*INSTRUCTIONS FOR THE TASK*
I'd like the data below restated word for word, with the pictures left out.

*DATASET SECTION*

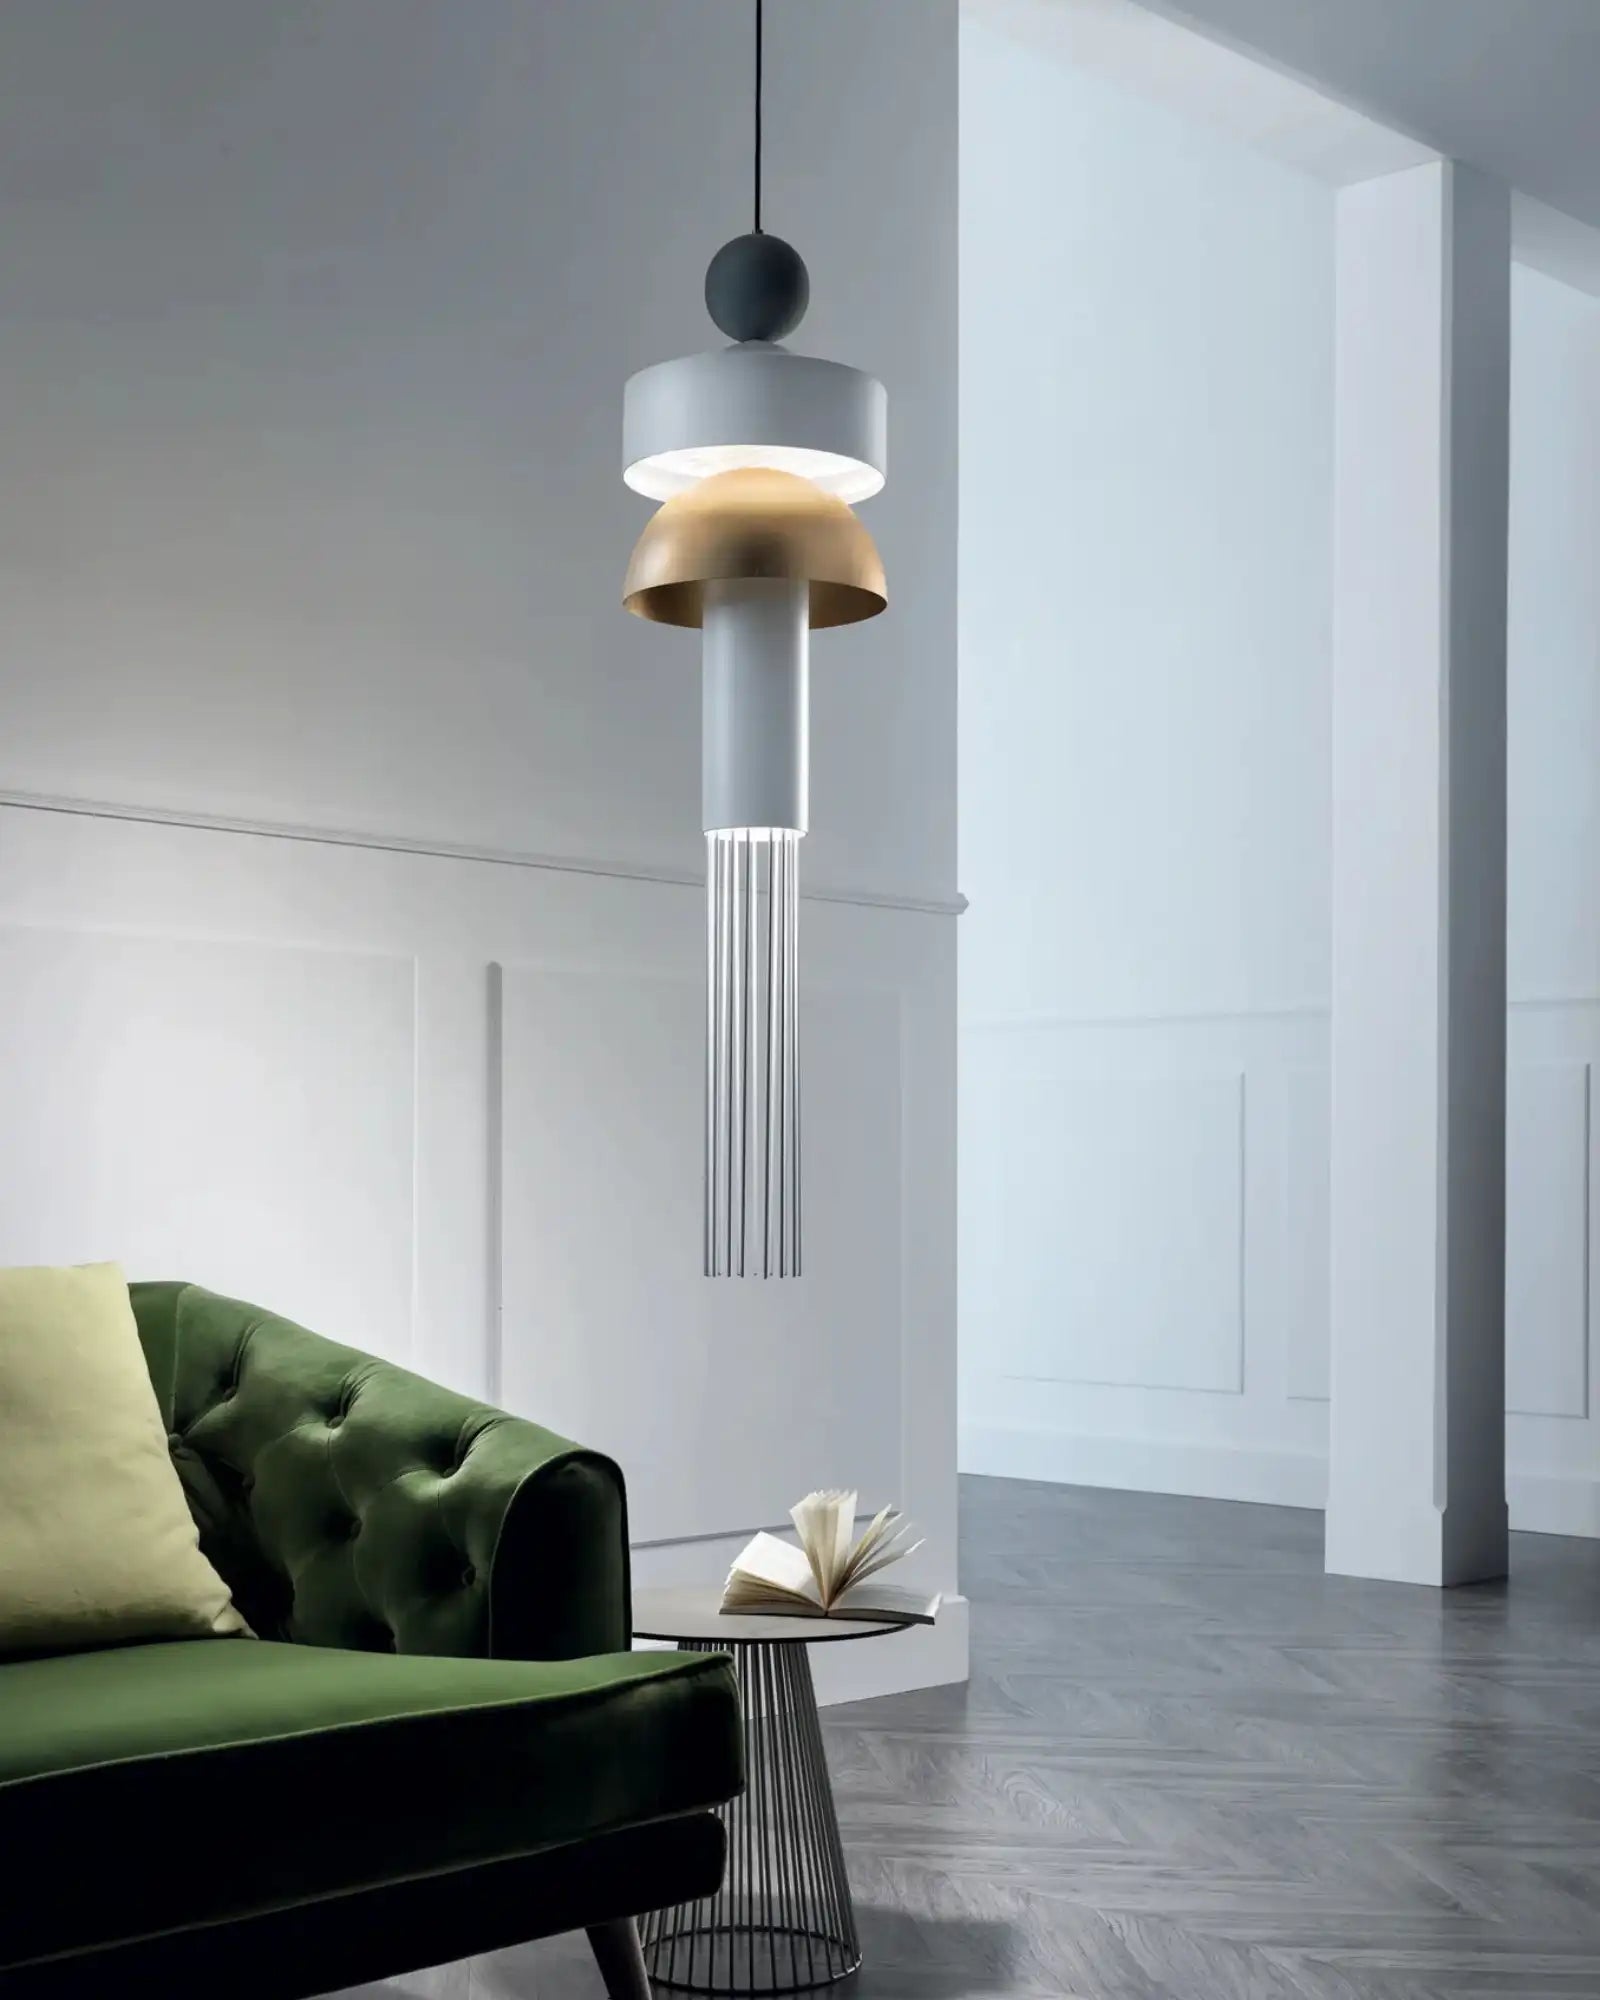 Nappe XL Pendant Light by Masiero Lighting featured within a contemporary living room | Nook Collections
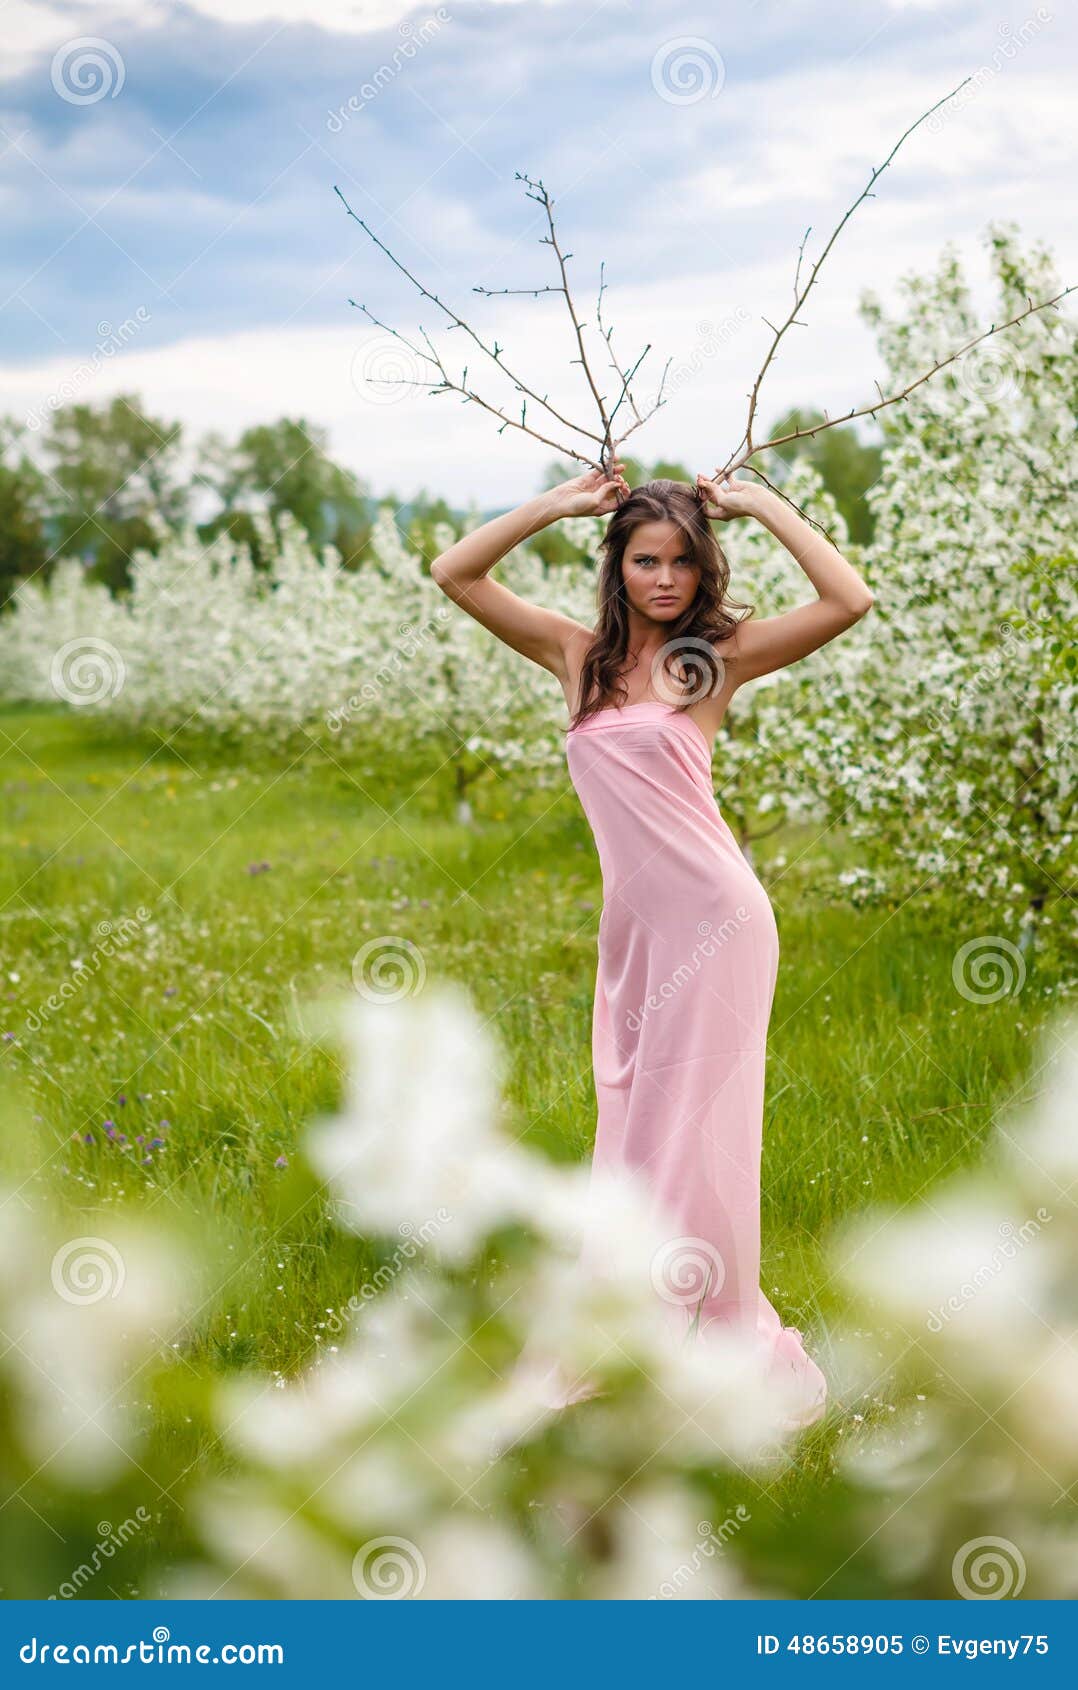 Girl With The Blossoming Apple Trees Stock Image Image Of Adult Dress 48658905
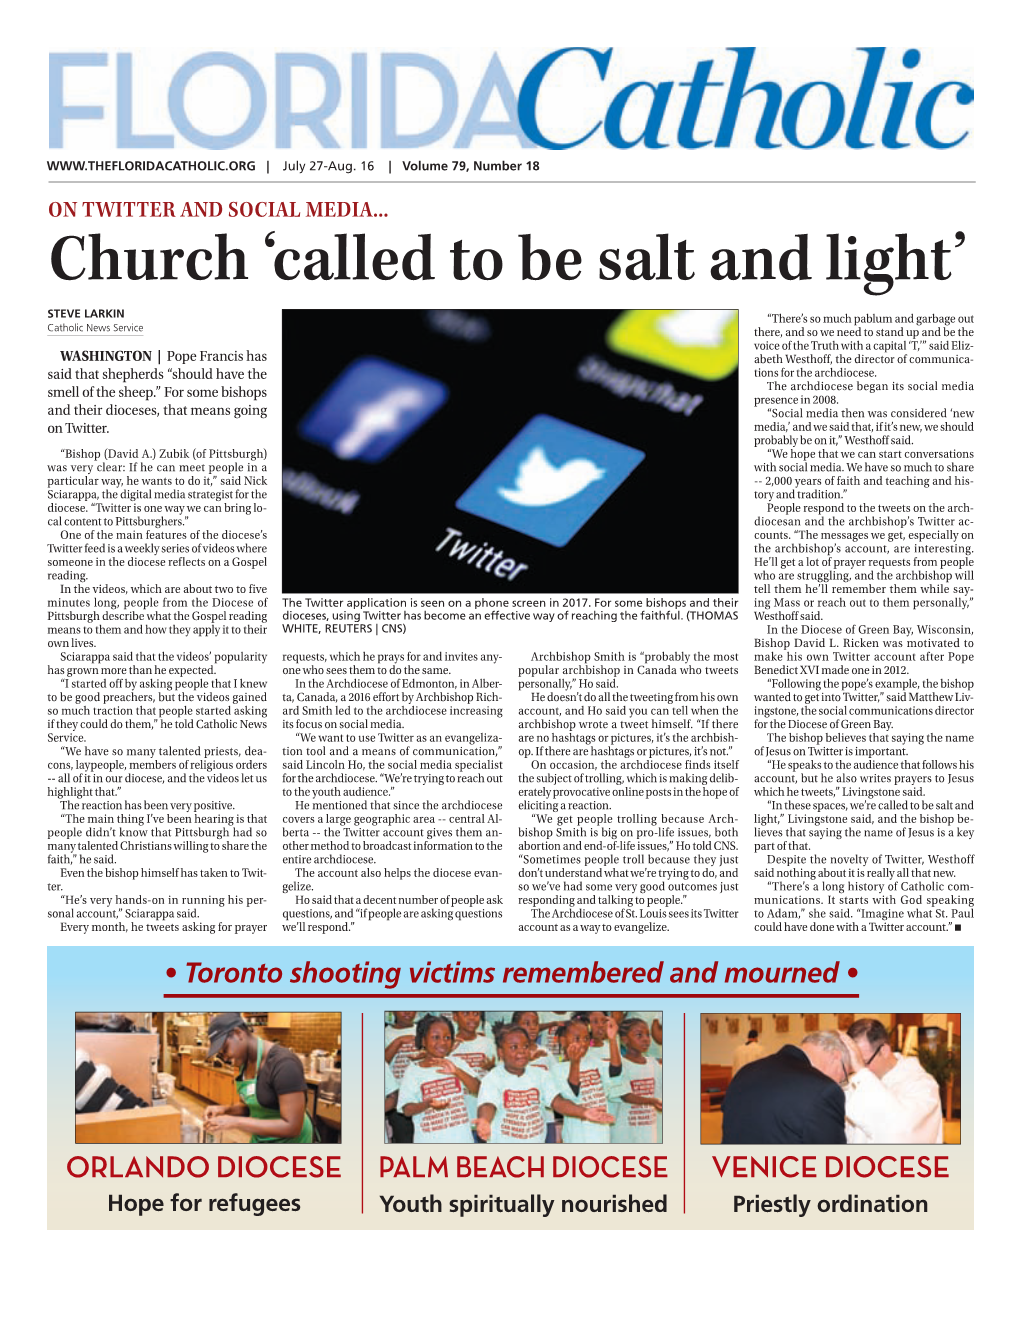 Church ‘Called to Be Salt and Light’

*RESPONSE TO THIS EXERCISE*
 Nappe XL Pendant Light by Masiero Lighting featured within a contemporary living room | Nook Collections
 Girl With The Blossoming Apple Trees Stock Image Image Of Adult Dress 48658905
 Church ‘Called to Be Salt and Light’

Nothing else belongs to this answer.